Lynch reports that the analysis found that “in the 1980s and early 1990s, a lot of the graphical integrity just didn’t allow for the characters to be sexualized. When we fast-forward to the next generation of consoles, which happened in the early to mid-1990s, we see the transition to 3-D graphics, and that’s when we saw a big spike in the sexualization of female characters. That continued its upward trajectory through the early 2000s and then, suddenly, we saw a decrease.”

The analysis found that when women were in secondary roles they tended to be more sexualized. “This is essentially pointing to the objectification of the character,” Lynch said. “When you have a male character in body armor and a female character in a bikini fighting side by side, it’s hard for women not to feel trivialized and objectified.”

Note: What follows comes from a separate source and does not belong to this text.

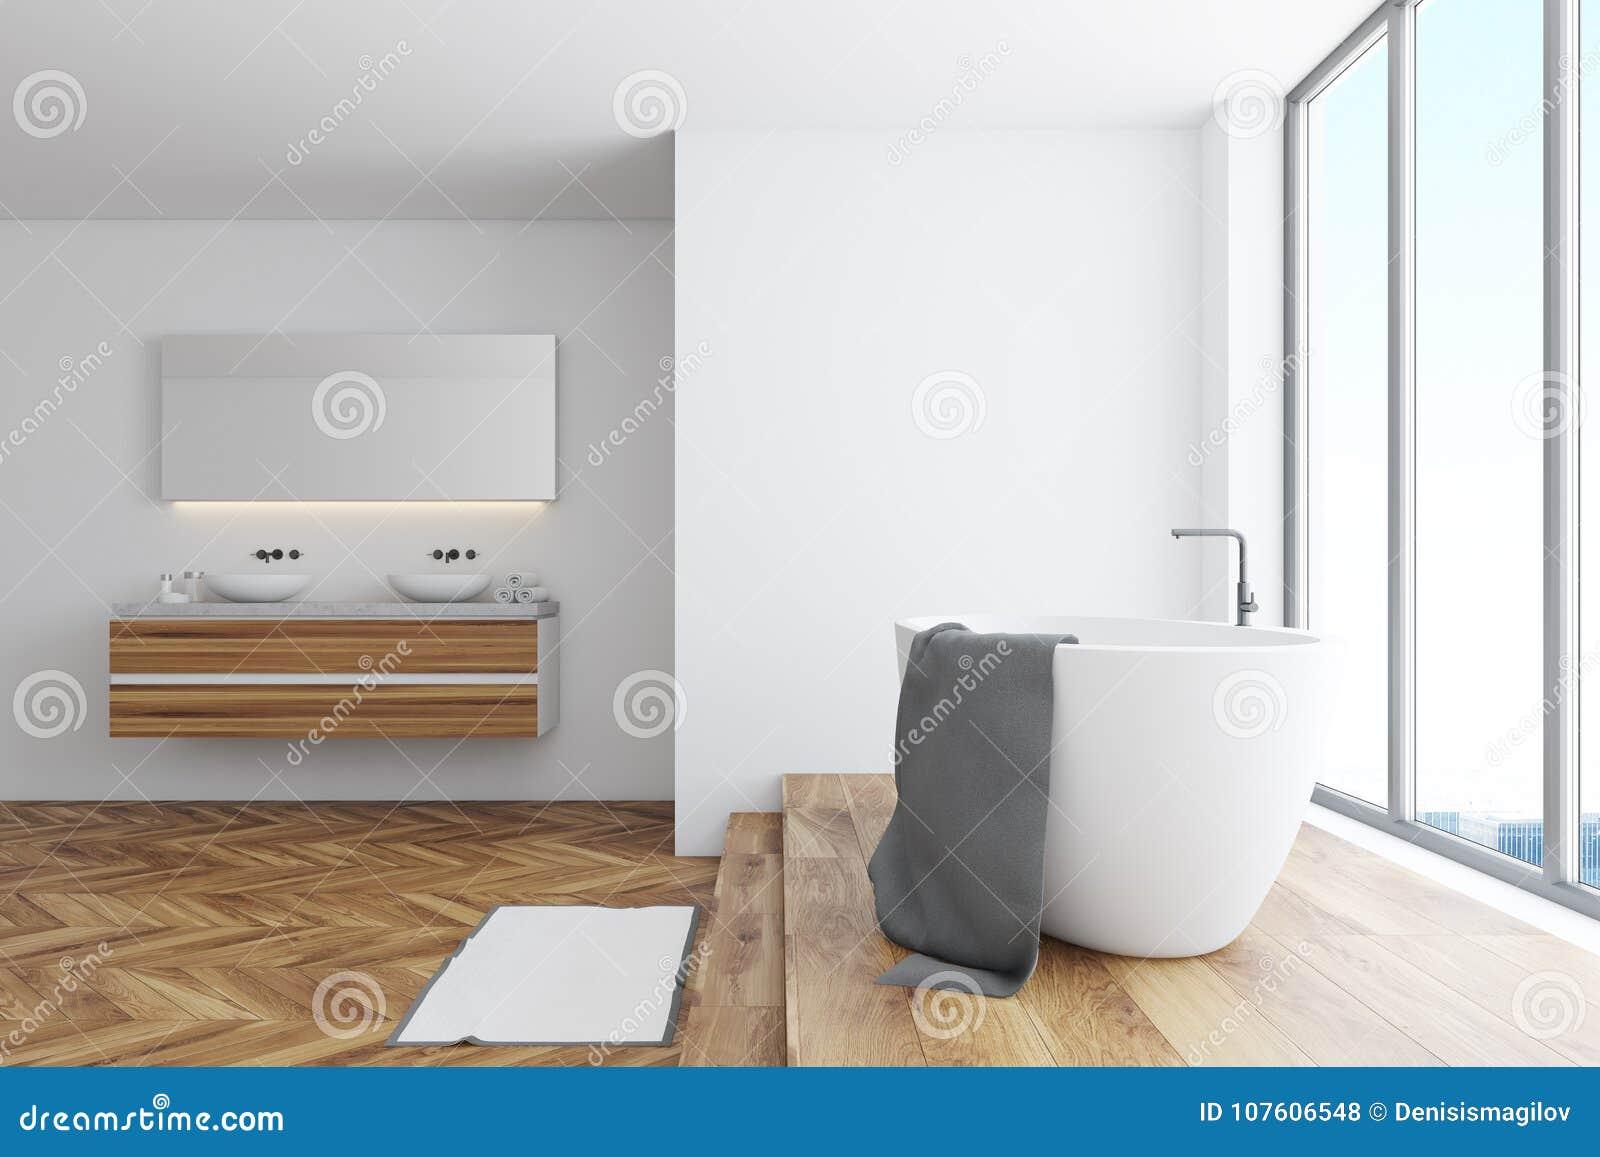 Белый угол ванной комнаты, ушат и двойная раковина

The results showing a decline in the sexualization of women in video games gives the authors hope for the future. “As more women have joined the industry as professionals, and men have seen hypersexualization and objectification of women in media as a legitimate concern, I think we’ll continue to see better and more varied representations of women in games,” Lynch said. “In turn, I think more girls will have their interest in gaming piqued.”

The study, “Sexy, Strong, and Secondary: A Content Analysis of Female Characters in Video Games Across 31 Years,” appears in the August issue of the Journal of Communication. It may be accessed here. Co-authors are Niki Fritz, Jessica E. Tompkins, and Irene I. van Driel.